Multiple biomarkers have been studied for predicting and quantifying AD, including diagnostic markers and markers to track treatments, both current and future. All of these biomarkers seem better than the currently available evaluation and tracking systems, but each has significant limitations. Serum markers still do not accurately define AD. CSF markers, while more specific to AD, are technically difficult to obtain on large populations. FDG-PET and PiB imaging is expensive, not widely available and often not specific to the type of dementia being studied.
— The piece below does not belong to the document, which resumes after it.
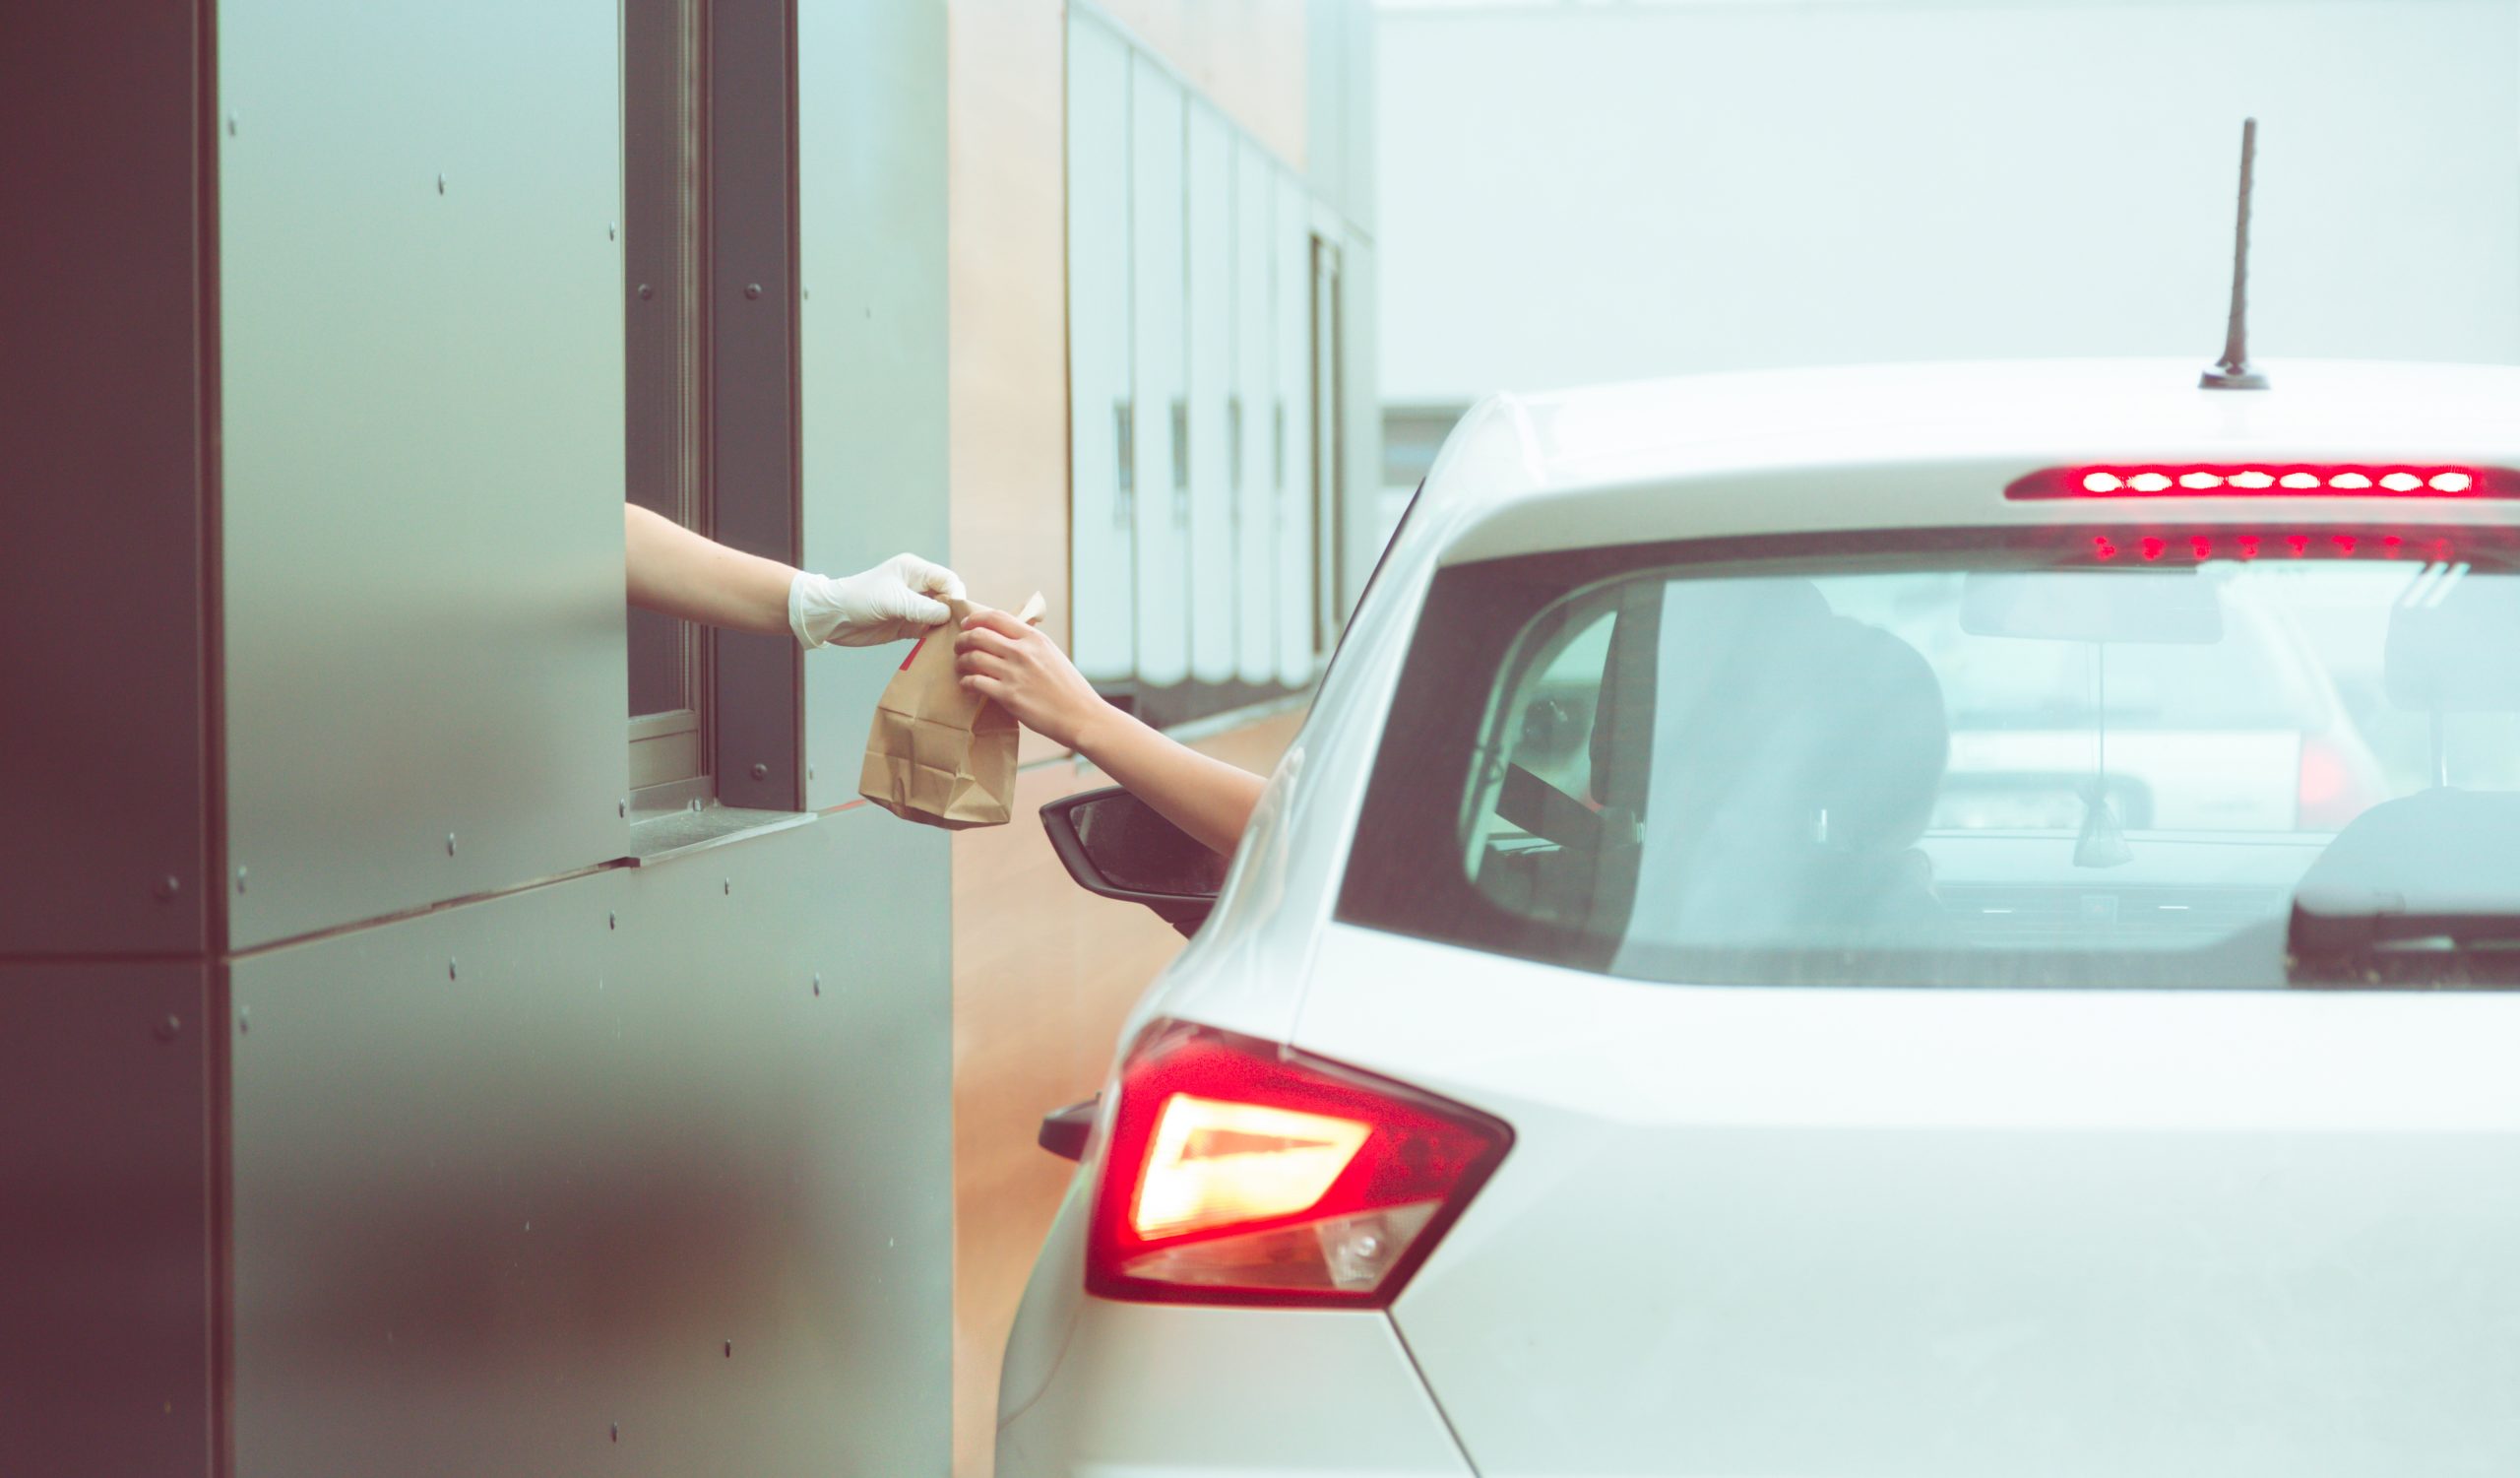 A person receiving a bag of food through a drive-through window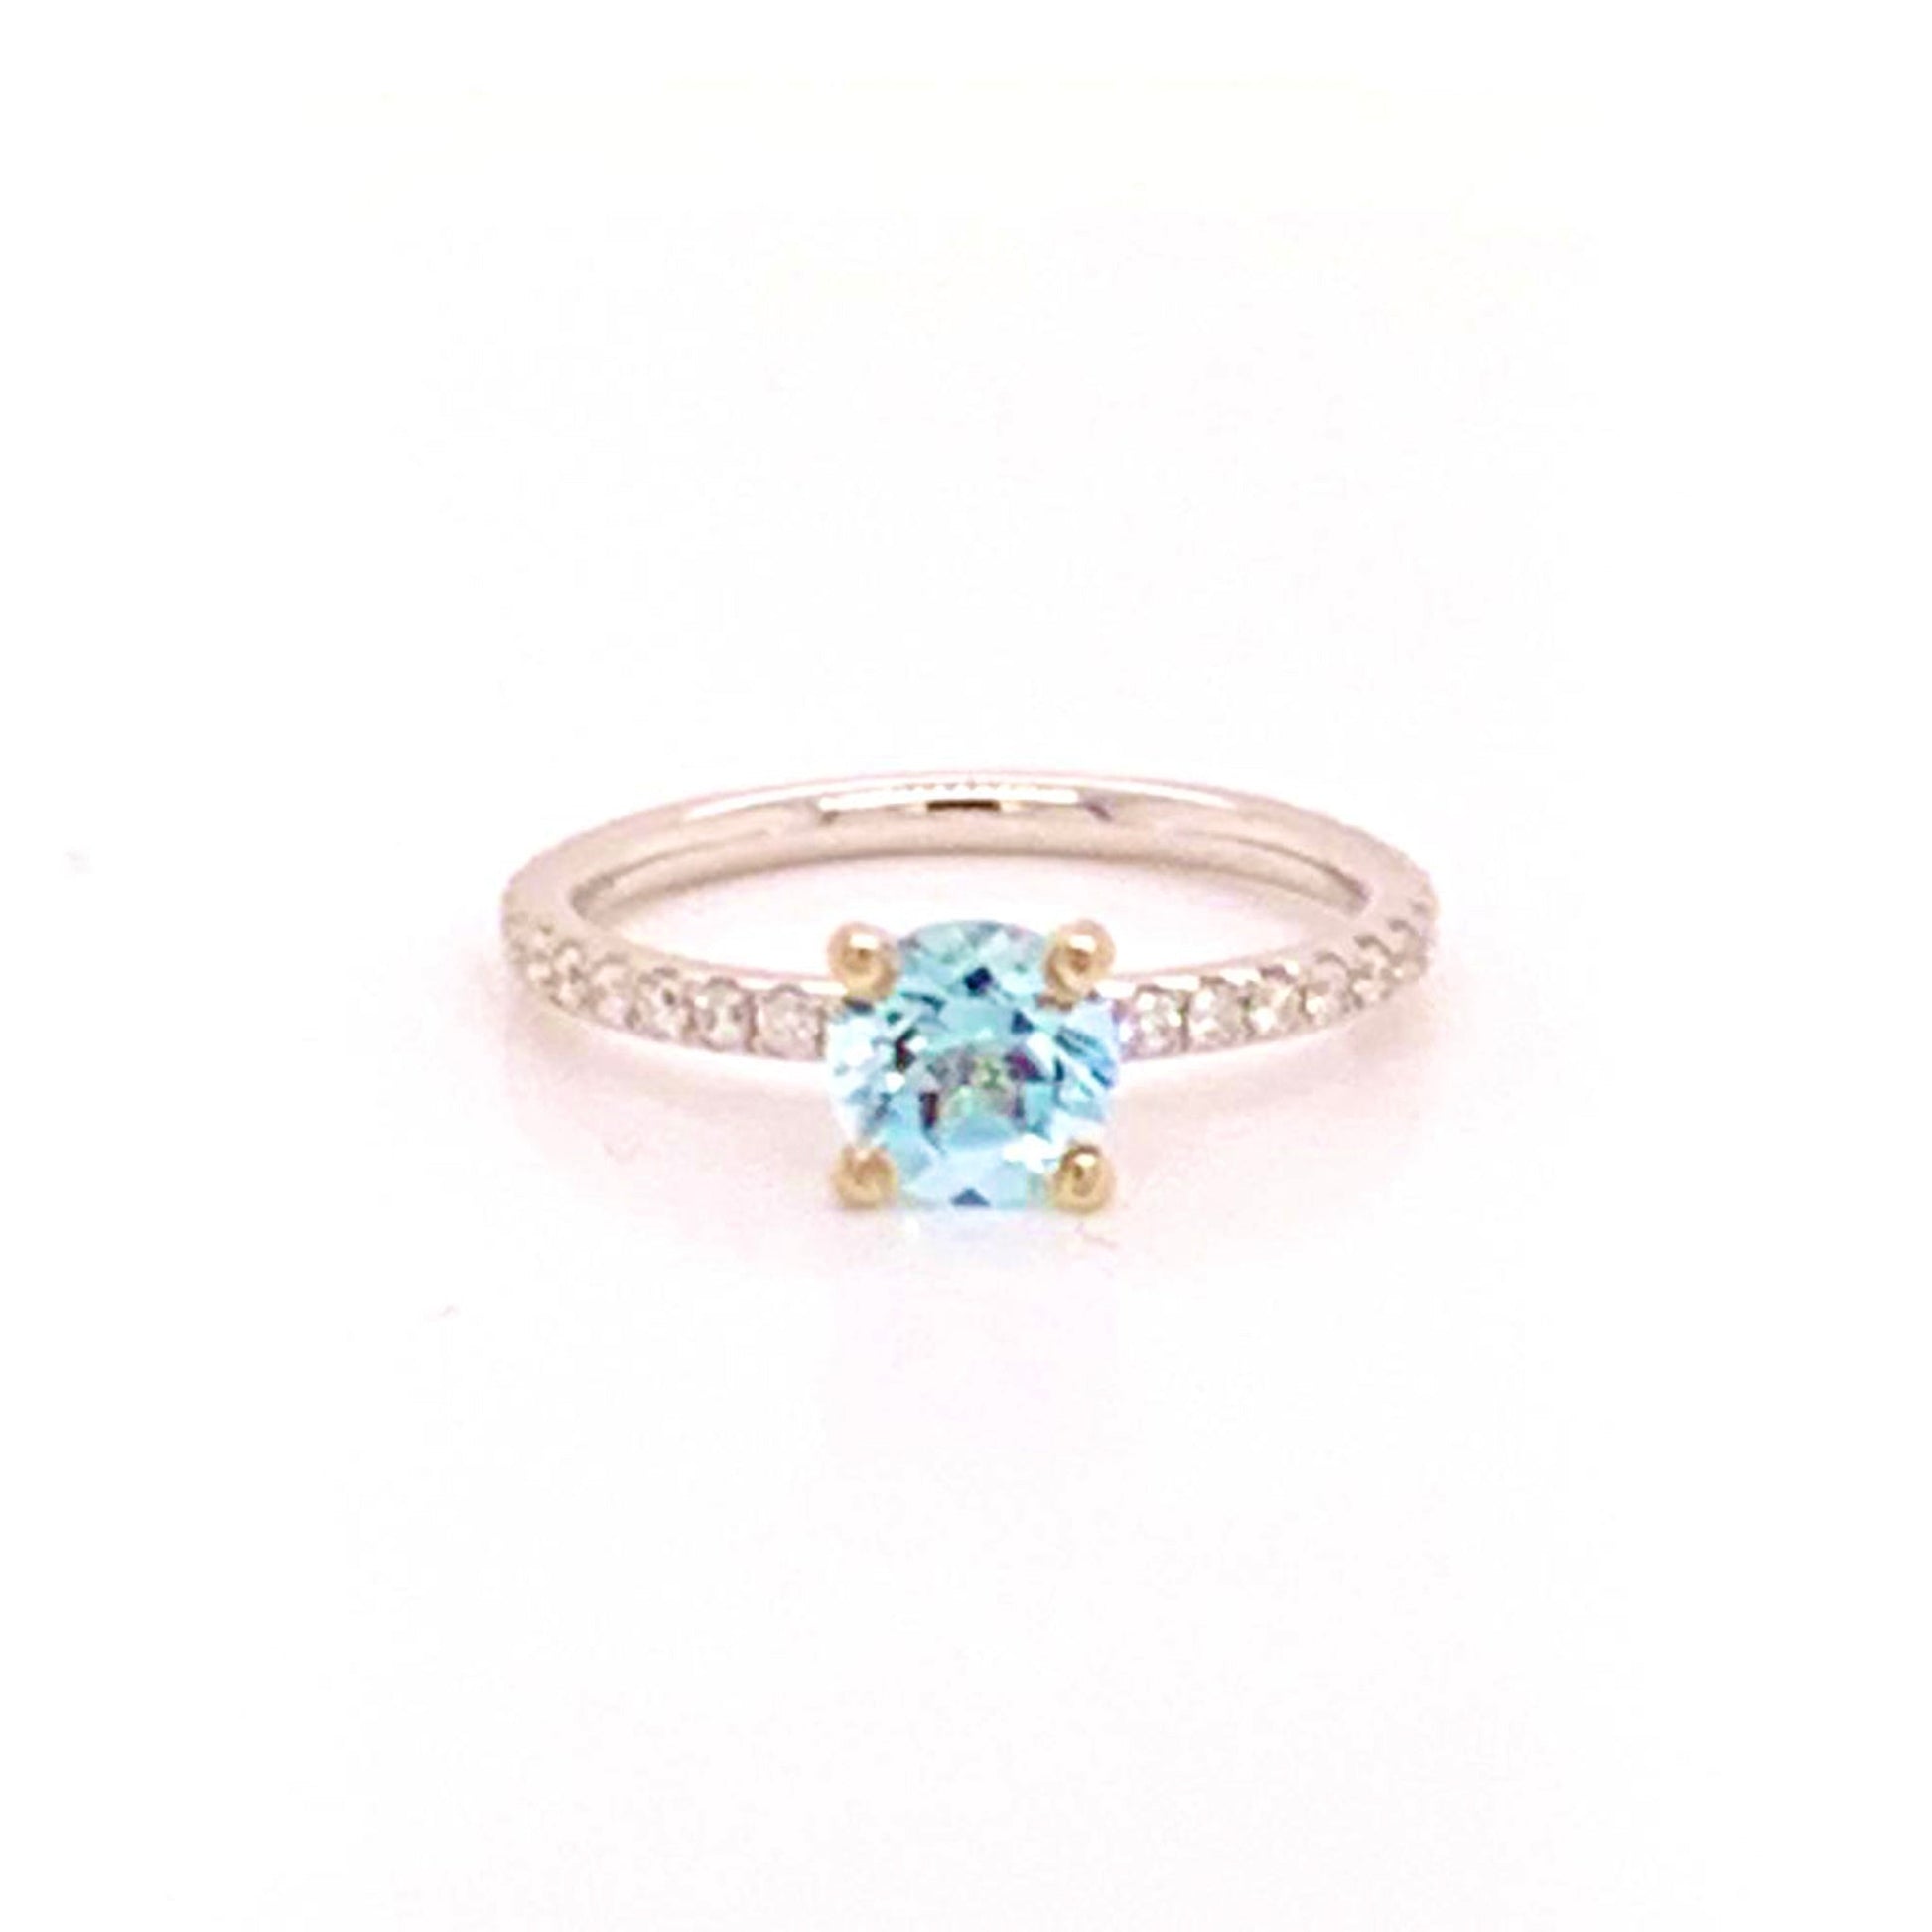 Diamond Aquamarine Ring 18k Gold 1.08 TCW Certified $1,800 822592 - Certified Fine Jewelry

Genetic markers are likely to be used as predictors of disease rather than in tracking disease. If we can develop a preventive treatment, we may be able to identify high-risk patients and decrease their likelihood of developing clinical AD. Until we have preventive treatments, however, gathering genetic data on patients is probably not warranted. 

The most promising technology appears to be MRI, using the widely available 1.5 Tesla units, along with the 3, 5 and 7 Tesla units used for university research. MRIs can calculate blood flow, gray-matter maps and tissue density, as well as track areas of atrophy. While they are noisy, claustrophobic, uncomfortable, moderately expensive and difficult to use with some AD patients, they use no ionizing radiation or radioactive tracers. Moreover, they can be repeated multiple times as a means of tracking progression of disease or effect of treatment.